For the data that follows, return each line unchanged and drop the pictures.

### Data
····················

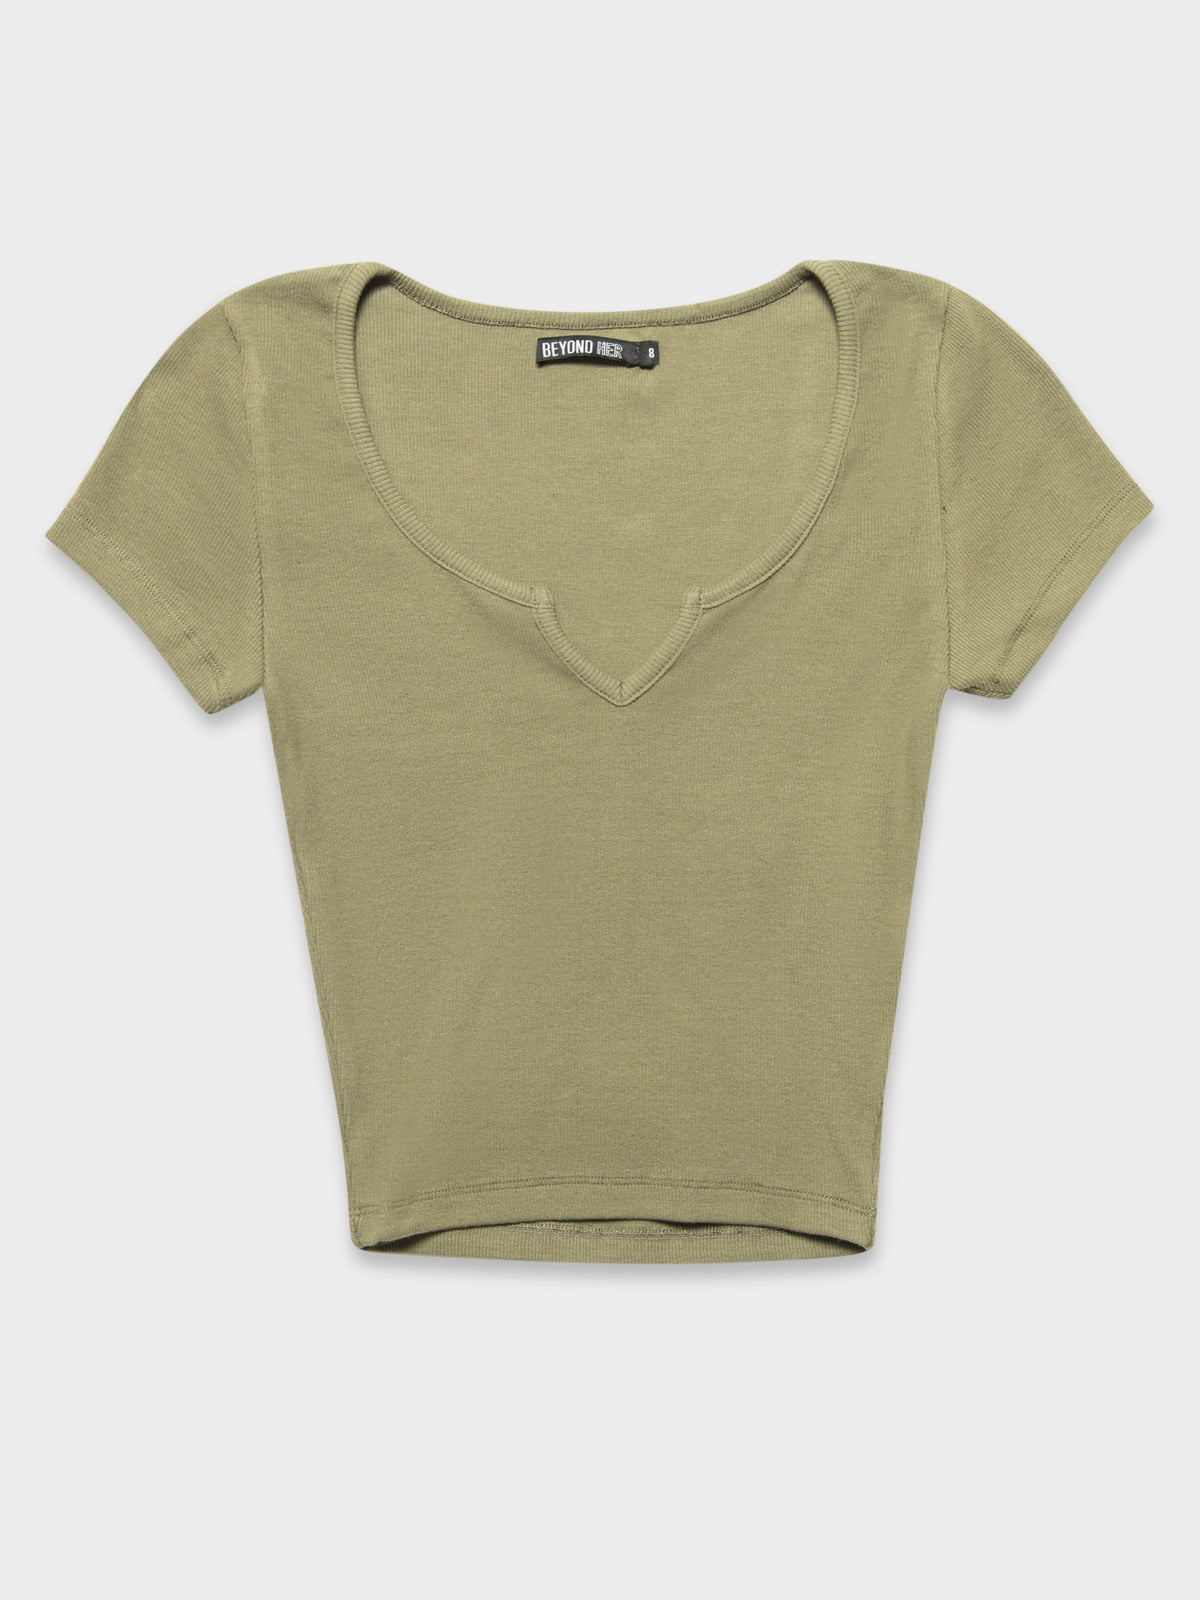 Bowie Cut Out T-Shirt in Olive
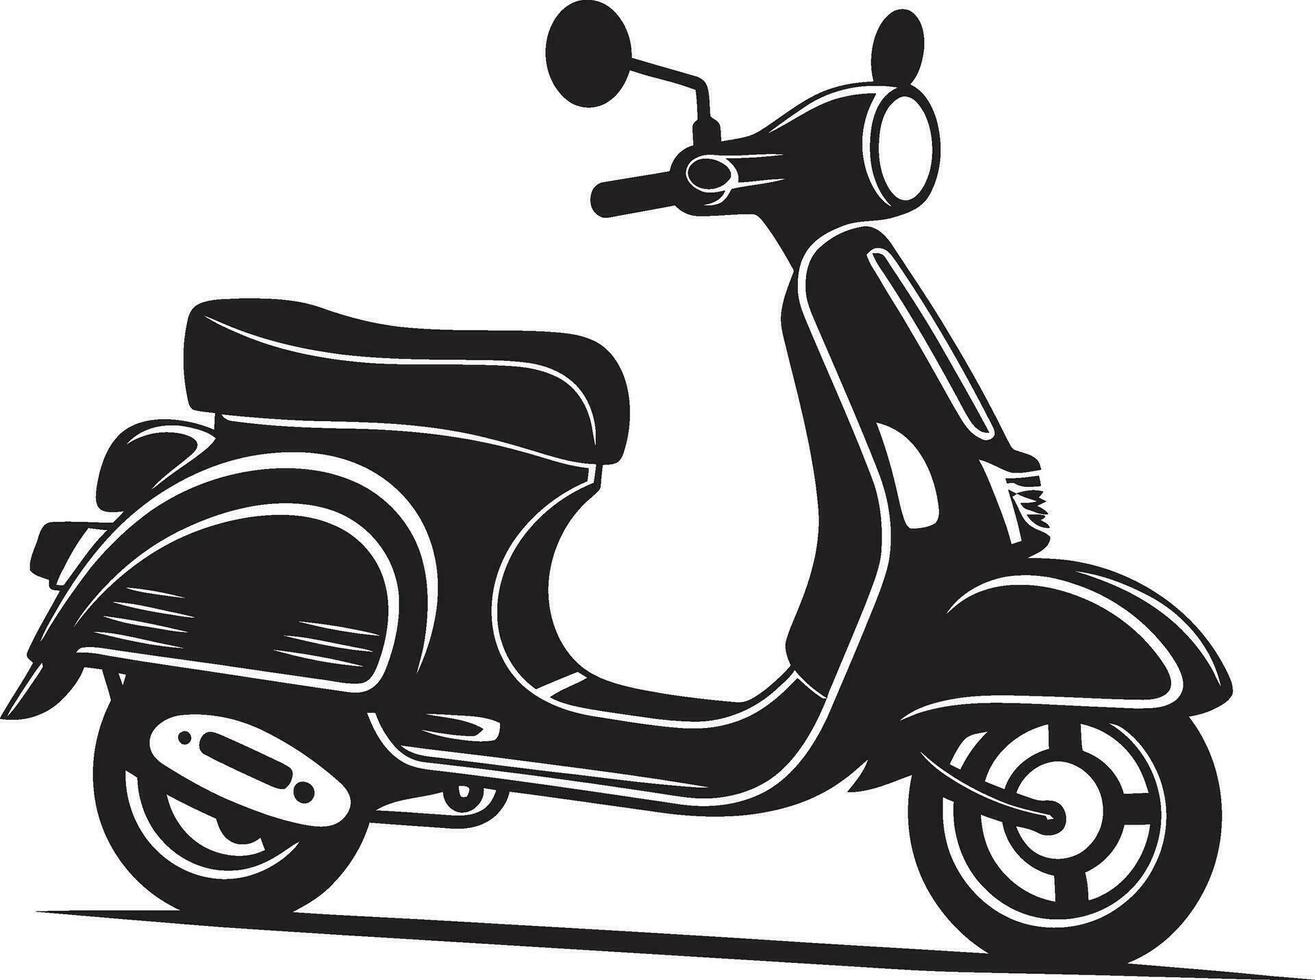 Scooter Travel Adventure Graphics Scooter Parts and Components vector
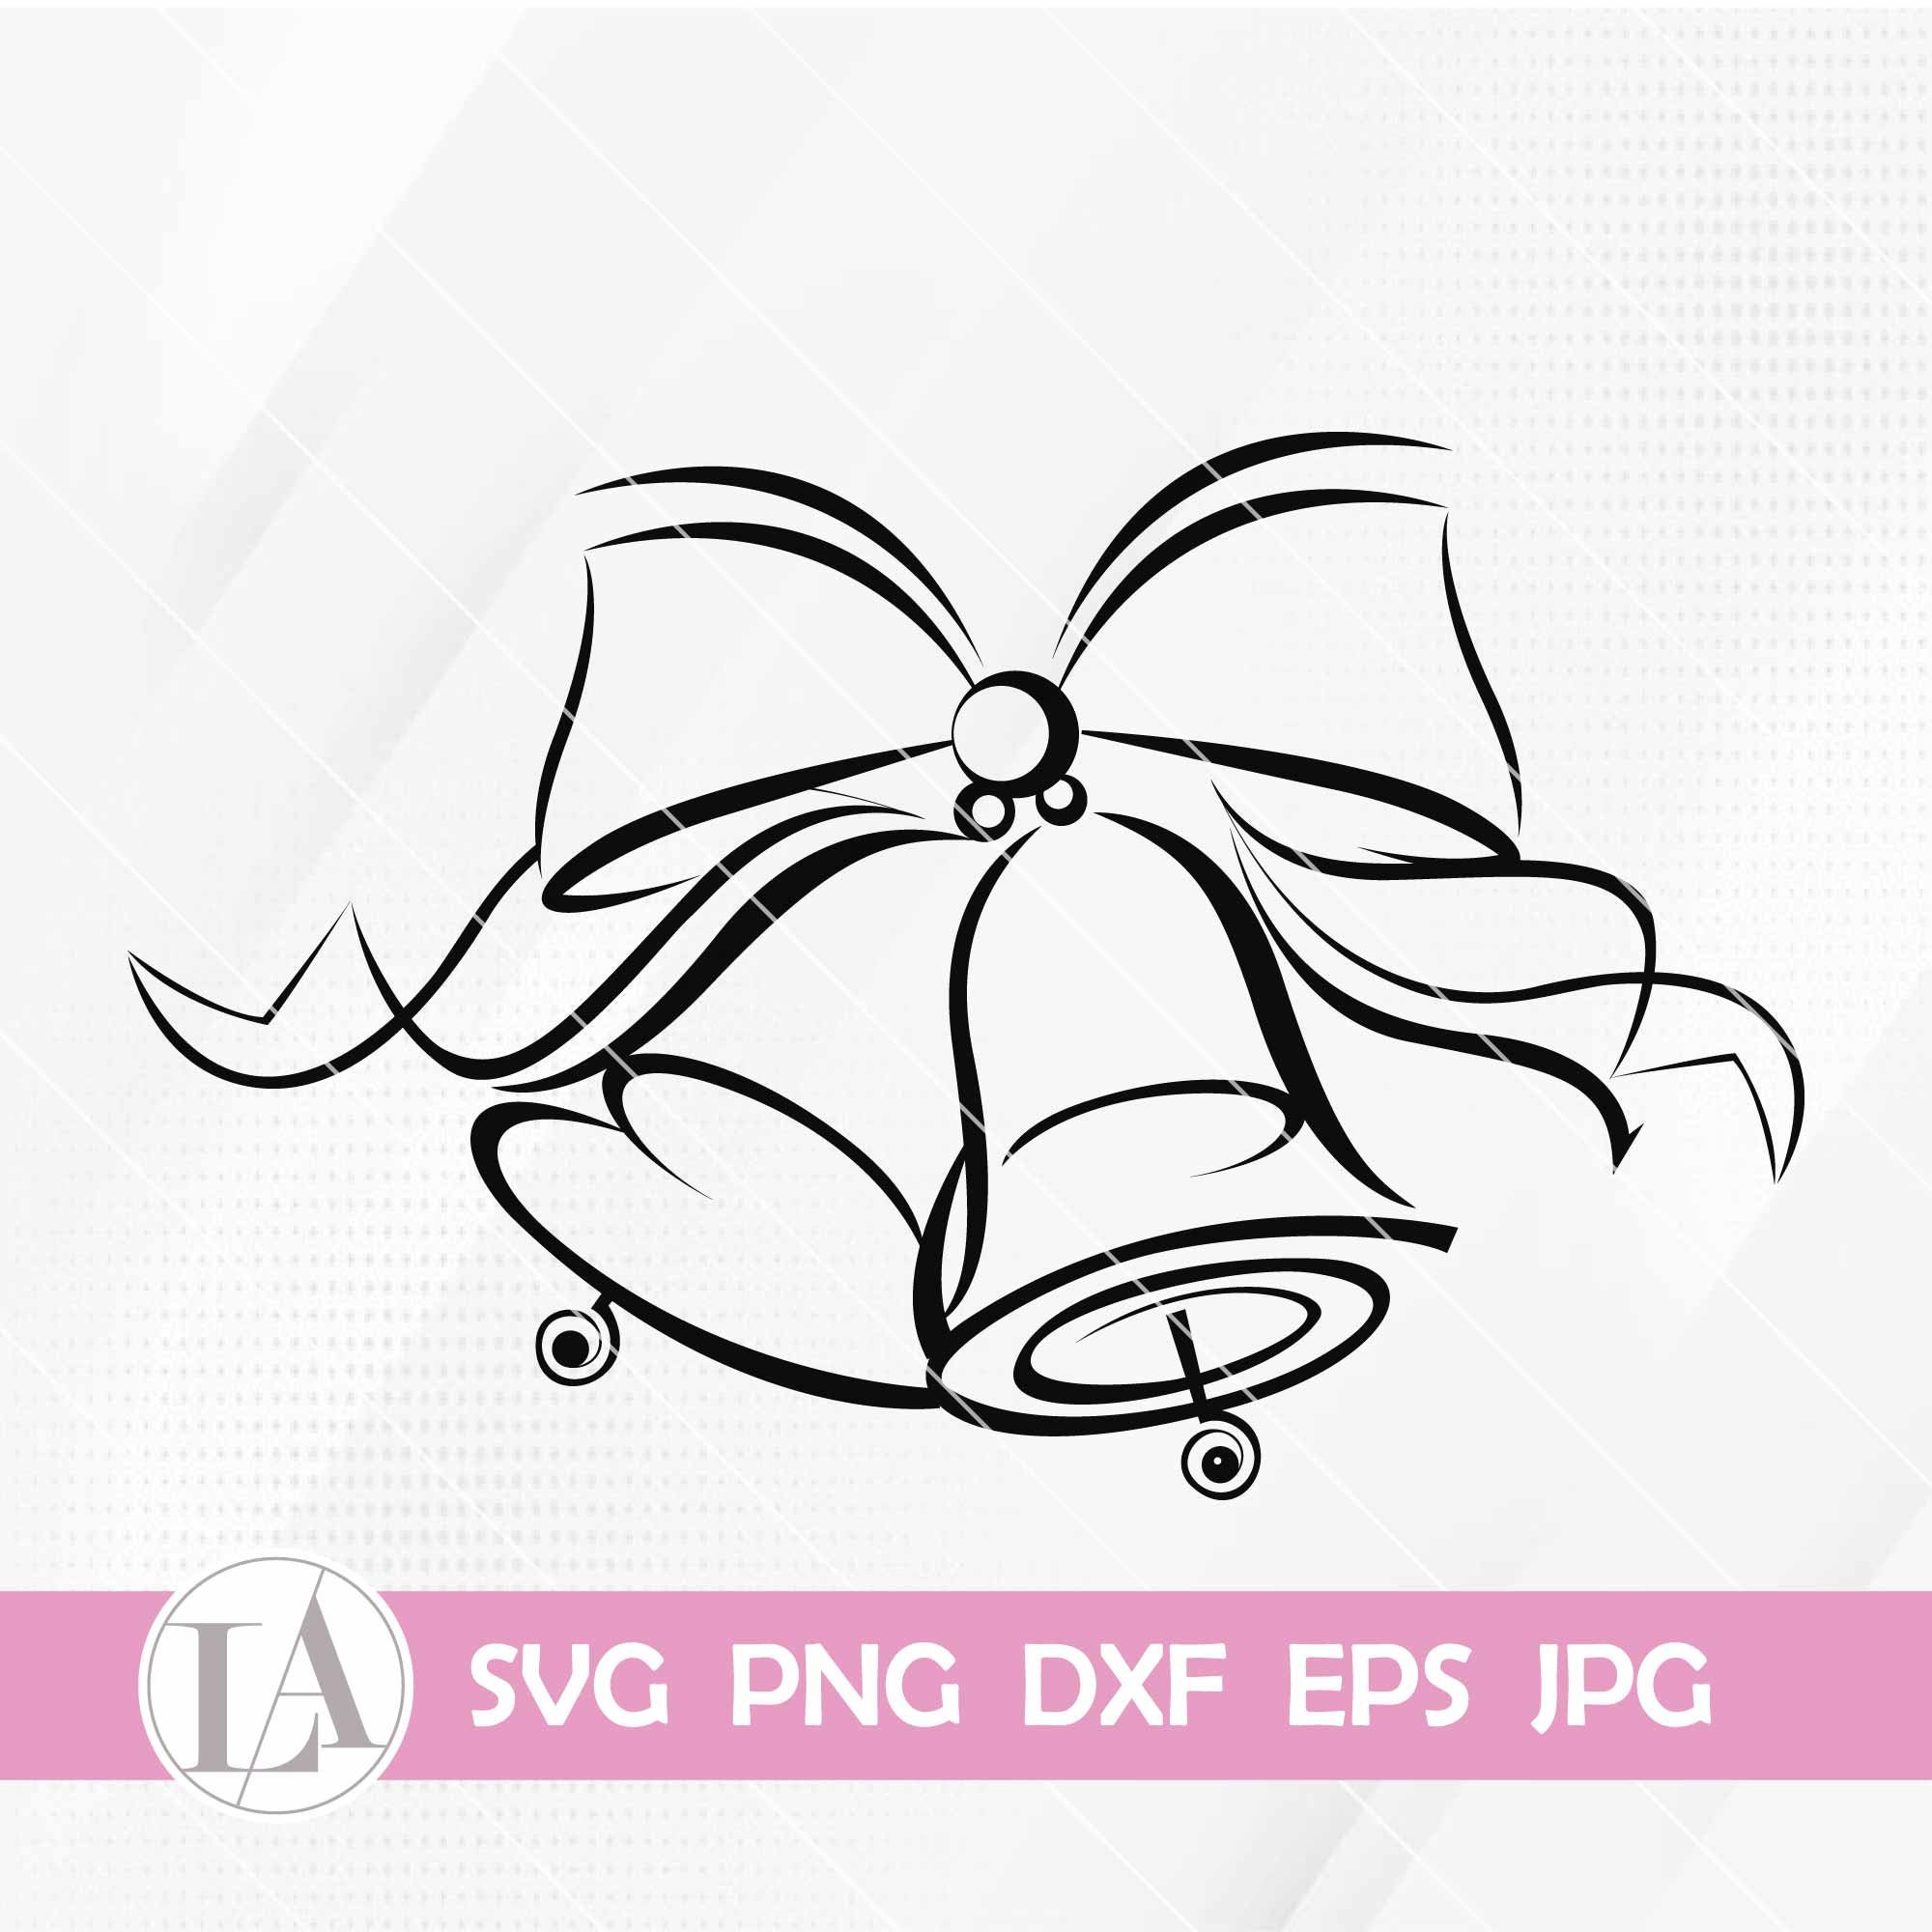 What Is a PNG File?  Wedding bells clip art, Bridal flower clips, Wedding  clipart free

····················

### Task output
 Bowie Cut Out T-Shirt in Olive
 Scooter Travel Adventure Graphics Scooter Parts and Components vector
 What Is a PNG File?  Wedding bells clip art, Bridal flower clips, Wedding  clipart free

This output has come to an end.